*** Opening of Supplied information ***

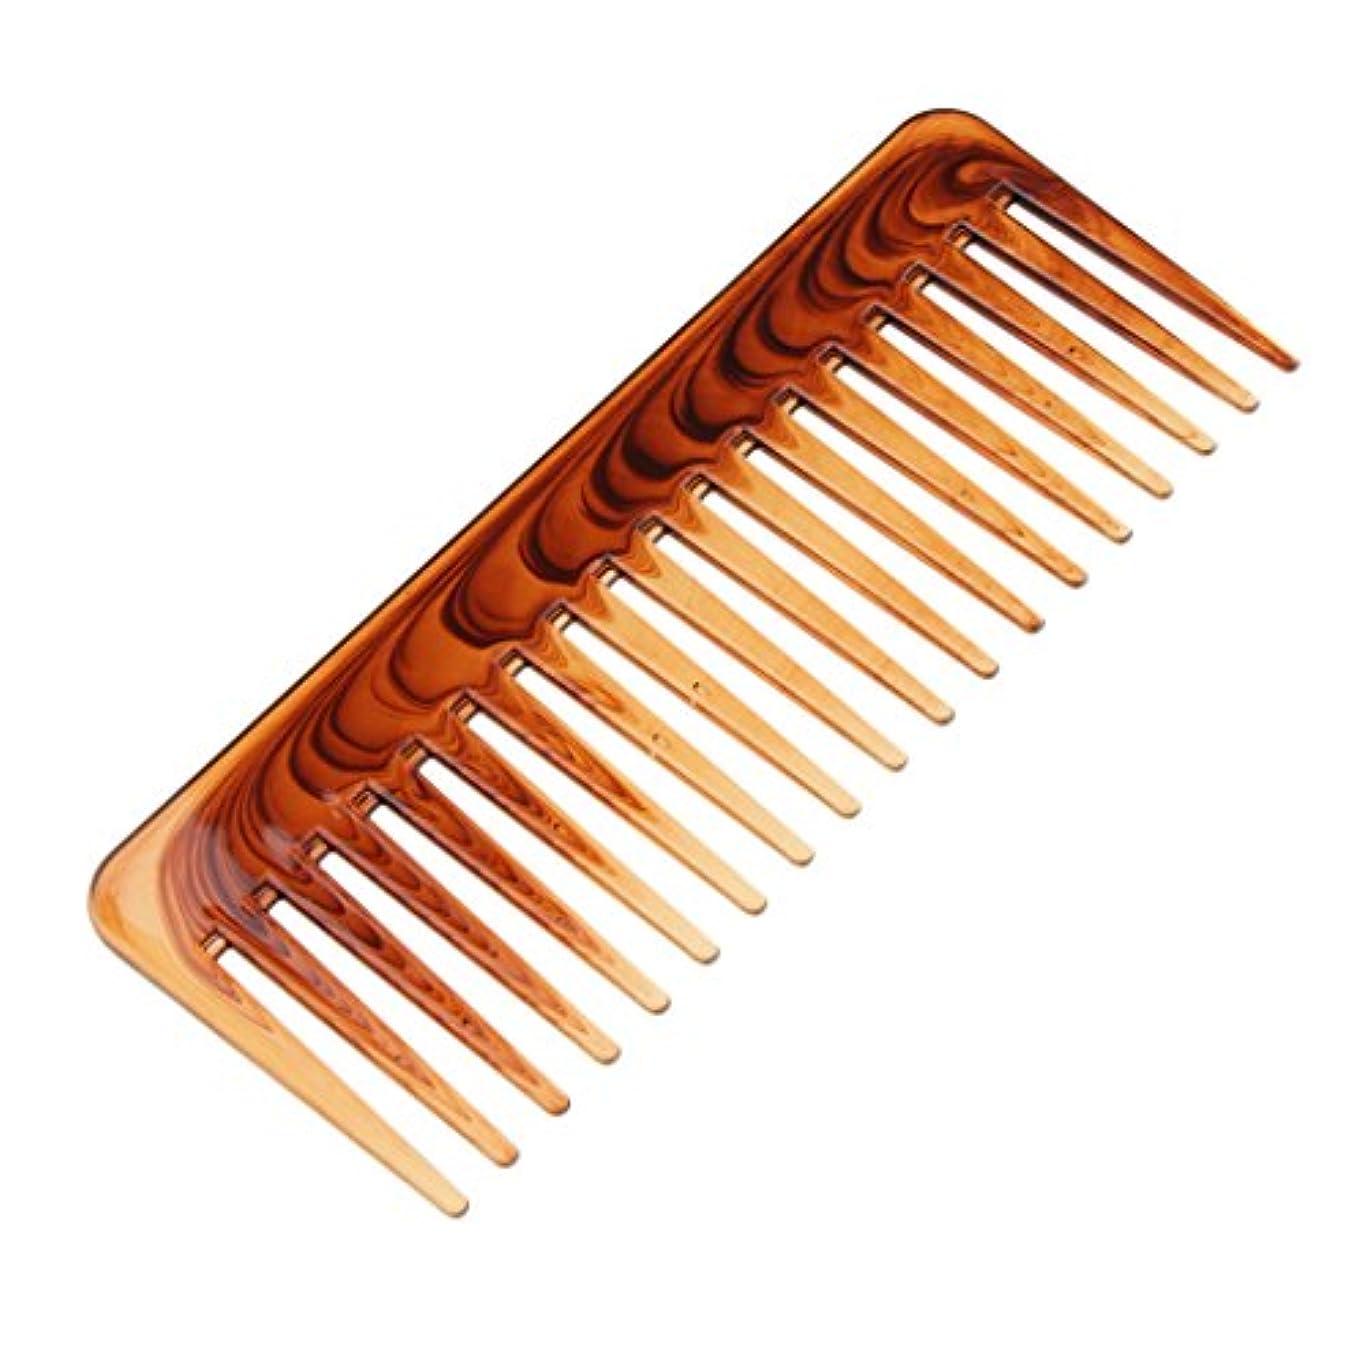 ミュートラップオーケストラ絡み合った髪の櫛ヘアコンディショニングレーキの櫛幅のあるヘアブラシのツール
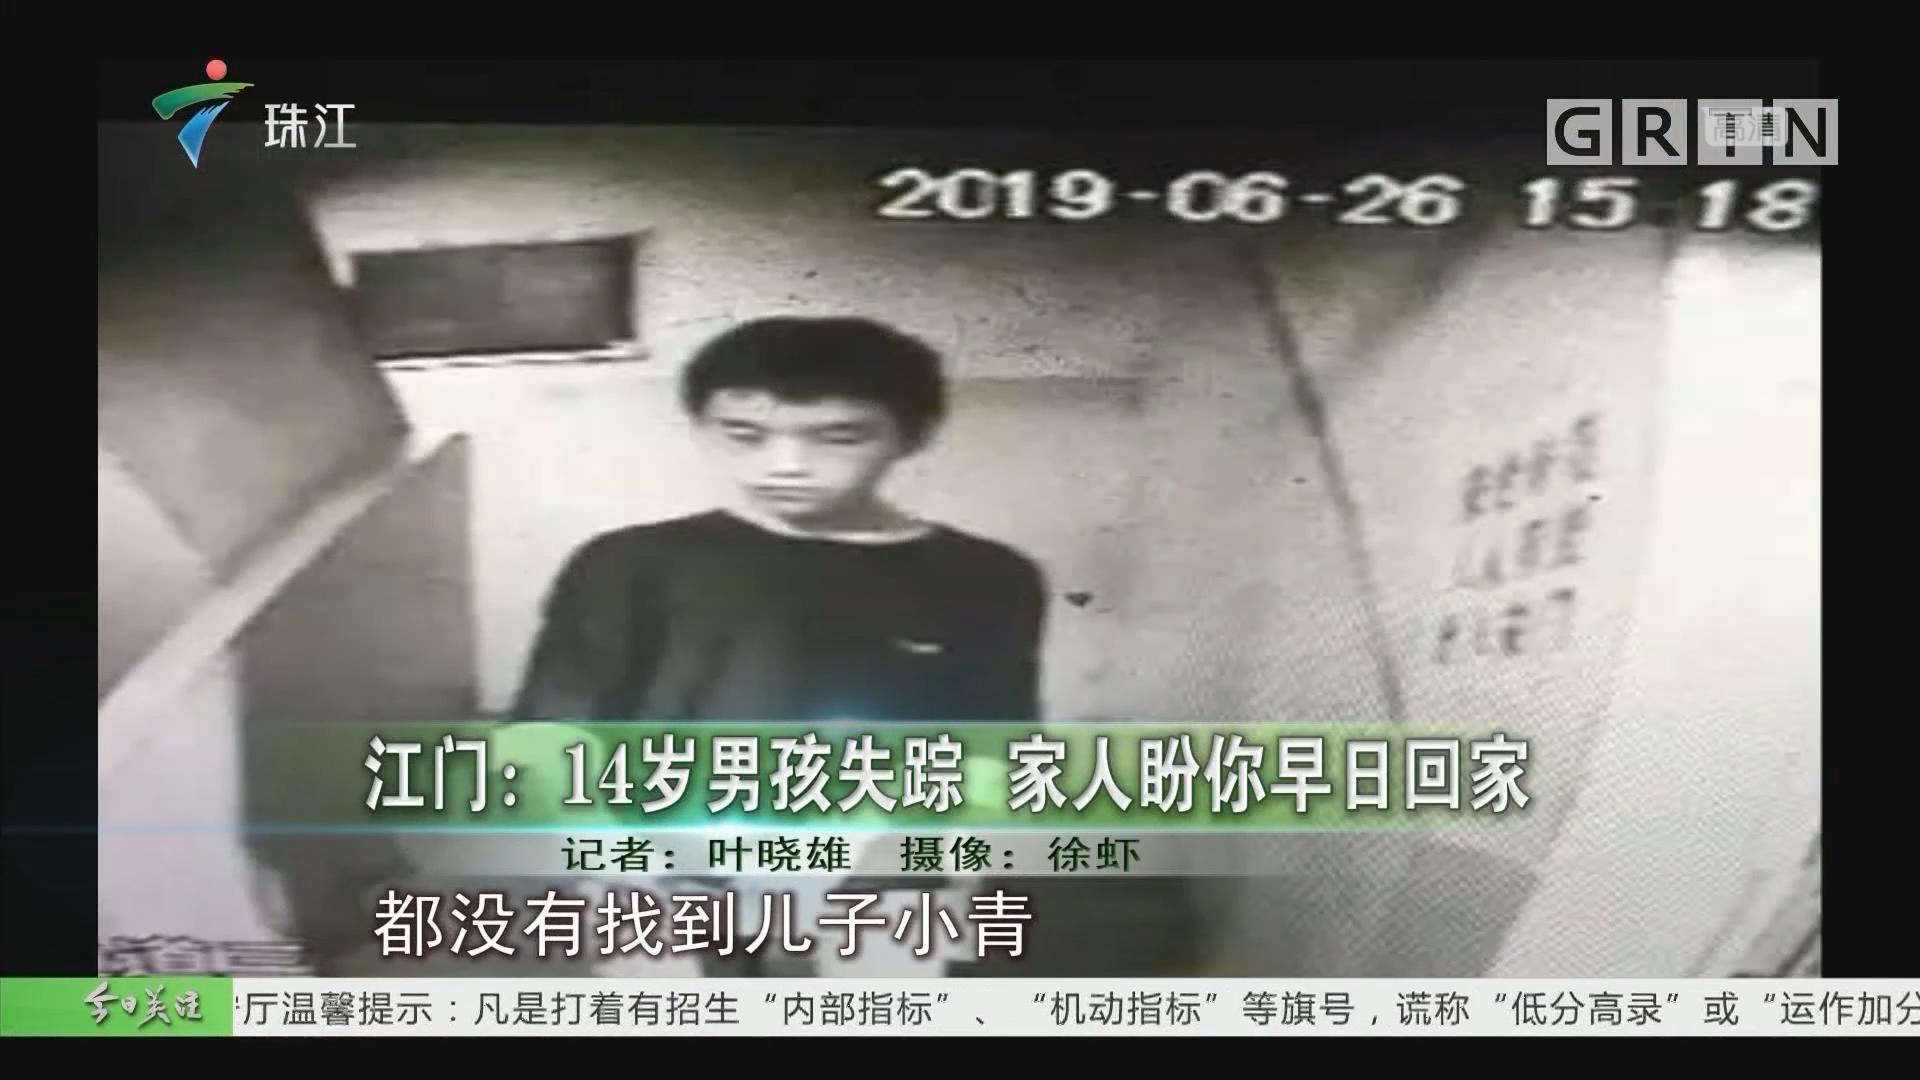 江門:14歲男孩失蹤 家人盼你早日回家
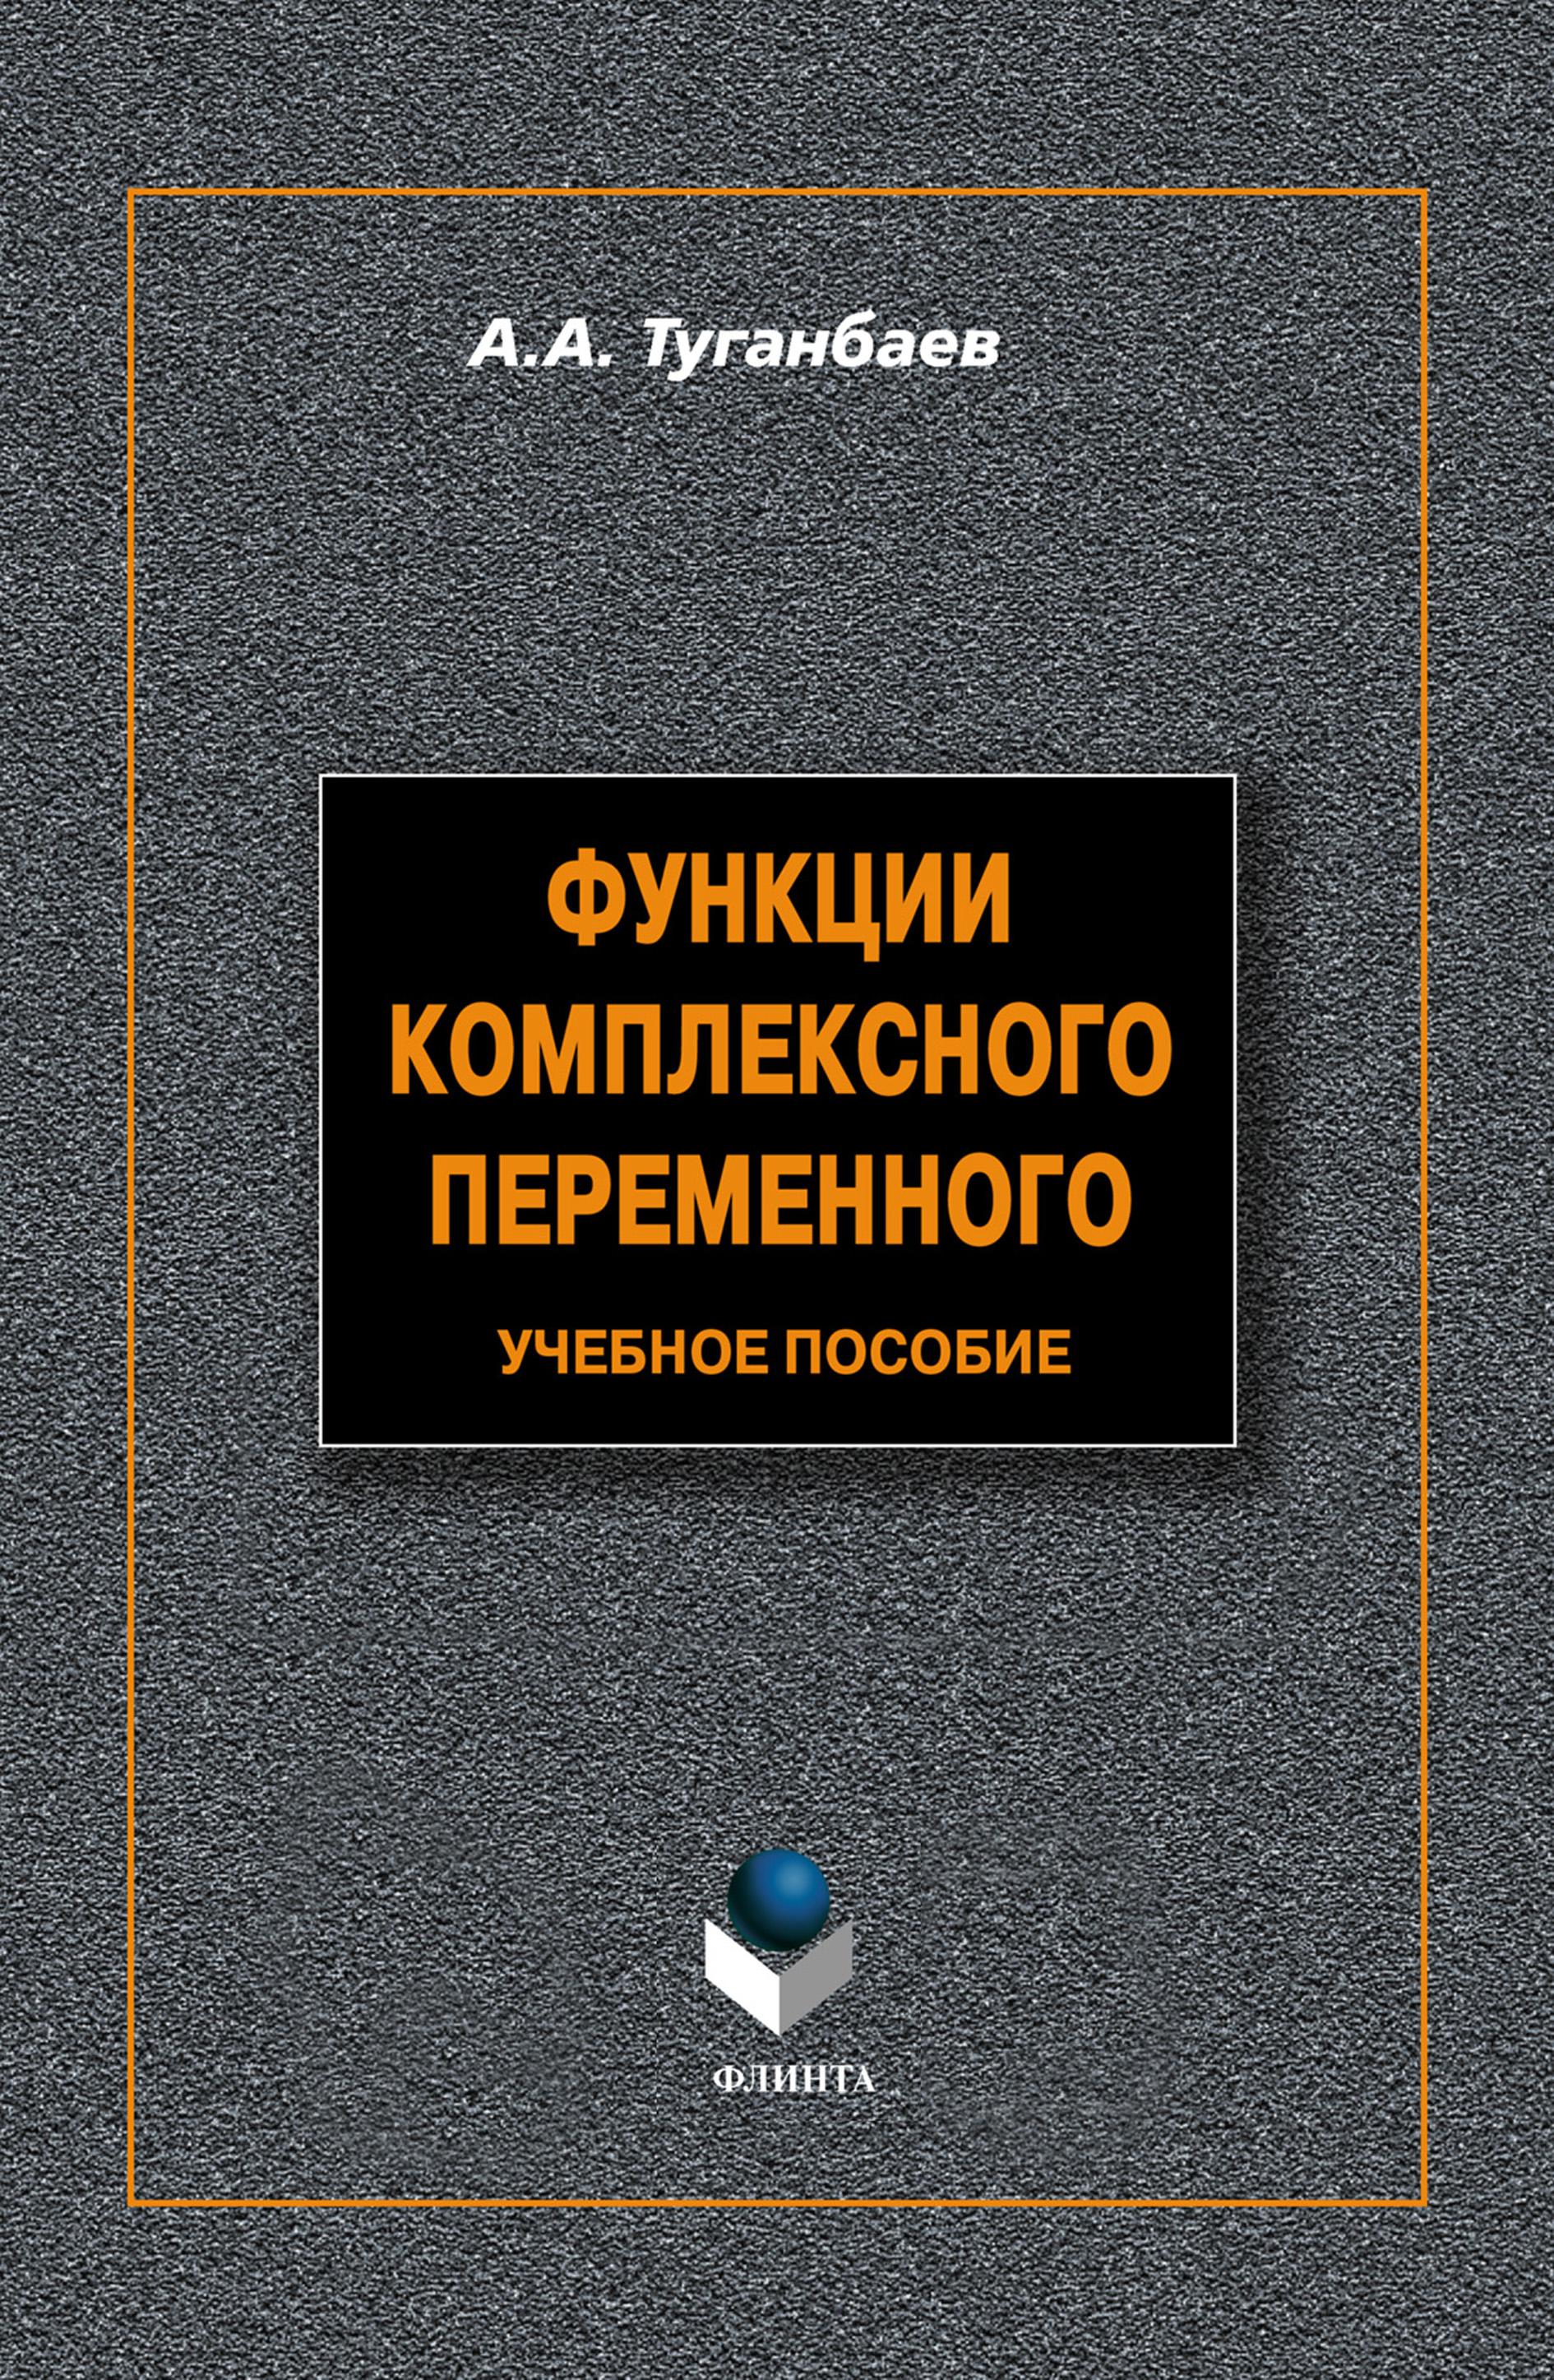 А. А. Туганбаев Функции комплексного переменного. Учебное пособие

*** Close of Supplied information ***

• Exercise goal:
All of the material above is to be retyped verbatim, with its pictures omitted.

• Response:
 ミュートラップオーケストラ絡み合った髪の櫛ヘアコンディショニングレーキの櫛幅のあるヘアブラシのツール
 江門:14歲男孩失蹤 家人盼你早日回家
 А. А. Туганбаев Функции комплексного переменного. Учебное пособие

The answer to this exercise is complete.